Simulation of multibody systems is an increasingly-used computer aided engineering tool and has become more accessible through increased use of assembly-based solid modelling software. This module covers the theoretical basis of multibody dynamics, including constraint equations, dynamics formulations and numerical solution methods, and its application to a range of engineering problems using industry standard packages. The theory is presented and applied using simple examples, while more complex systems are implemented using industry-standard simulation environments. Issues such as model complexity, and non-ideal behaviour such as friction, contact and flexibility are considered, as well as the modelling of associated systems such as actuators and controllers. The interaction of mutibody simulation packages with other computer aided engineering tools such as CAD and with other modelling methods such as the finite element method is also considered. Examples are sourced from a range of application areas across mechanical engineering.
Kinematics of multibody systems; Review of kinematics of particles and rigid bodies. Coordinate frames and transformations in 2D and 3D. Degrees of freedom, joints and constraints in multibody systems. Kinematic constraint equations – assembly and solution of kinematic models. Redundancy and degeneracy.
Dynamics of Multibody Systems: Review of dynamics of particles and rigid bodies. The Newton-Euler equations applied to multibody systems. Generalised coordinates and the principle of virtual work. Formulations including Lagrange’s equations and Kane’s equations applied to simple multibody systems. Assembly of dynamics equations for multibody systems.
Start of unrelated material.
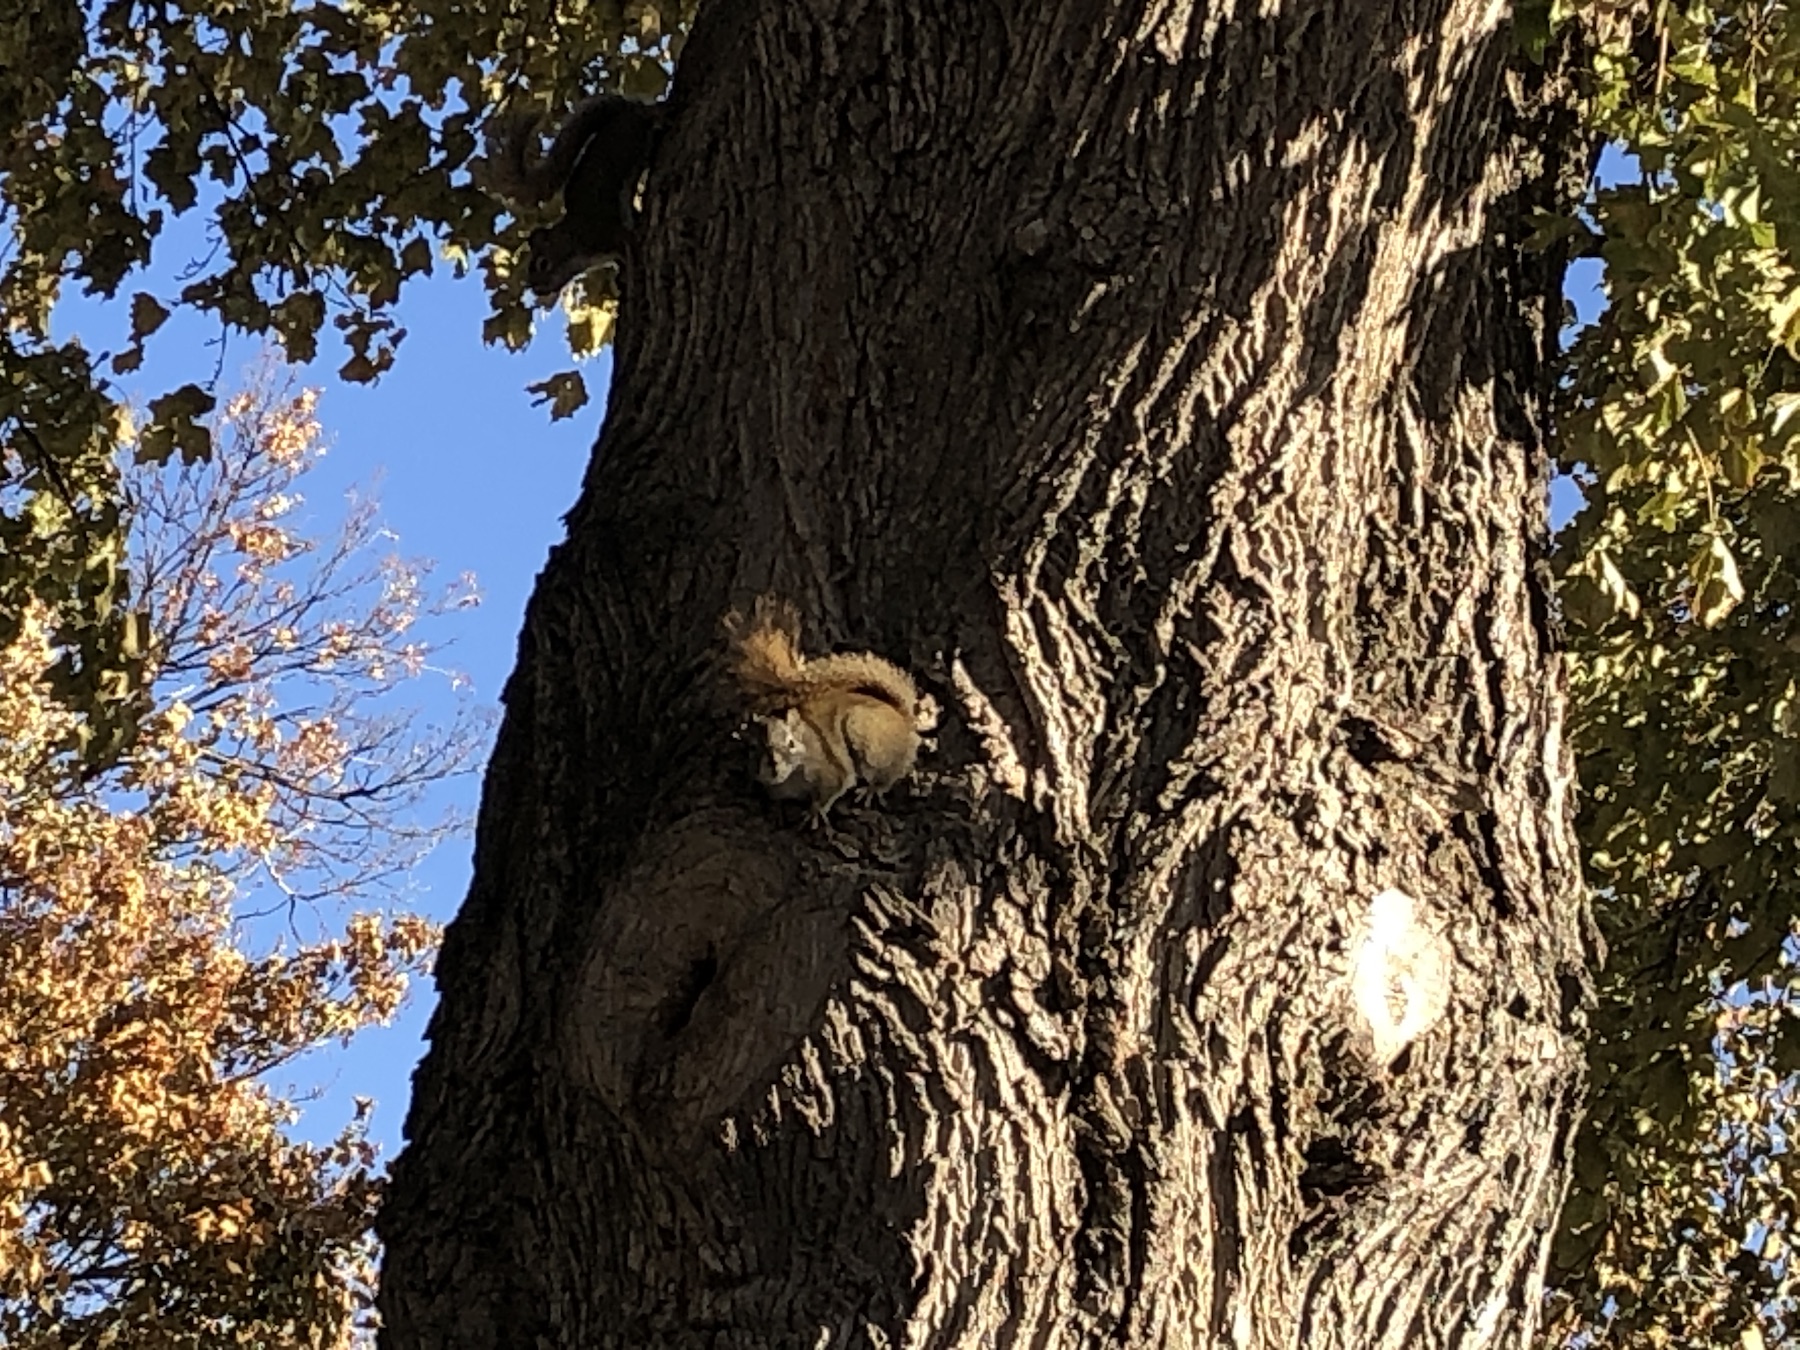 squirrels

Numerical Methods: Taylor’s series and the solution of systems of ODEs. The Euler, Runge Kutta and other methods. Variable timestep methods. Stiffness and stability. Implicit and explicit methods commonly used.
System Modelling: Idealisation and modelling of real world systems. Complexity, accuracy and computational effort. Validation. Modelling behaviours such as friction, flexibility, contact. Modelling of control, actuation and other elements. Model creation/import and interaction with other Computer Aided Engineering tools. Alternative model representations.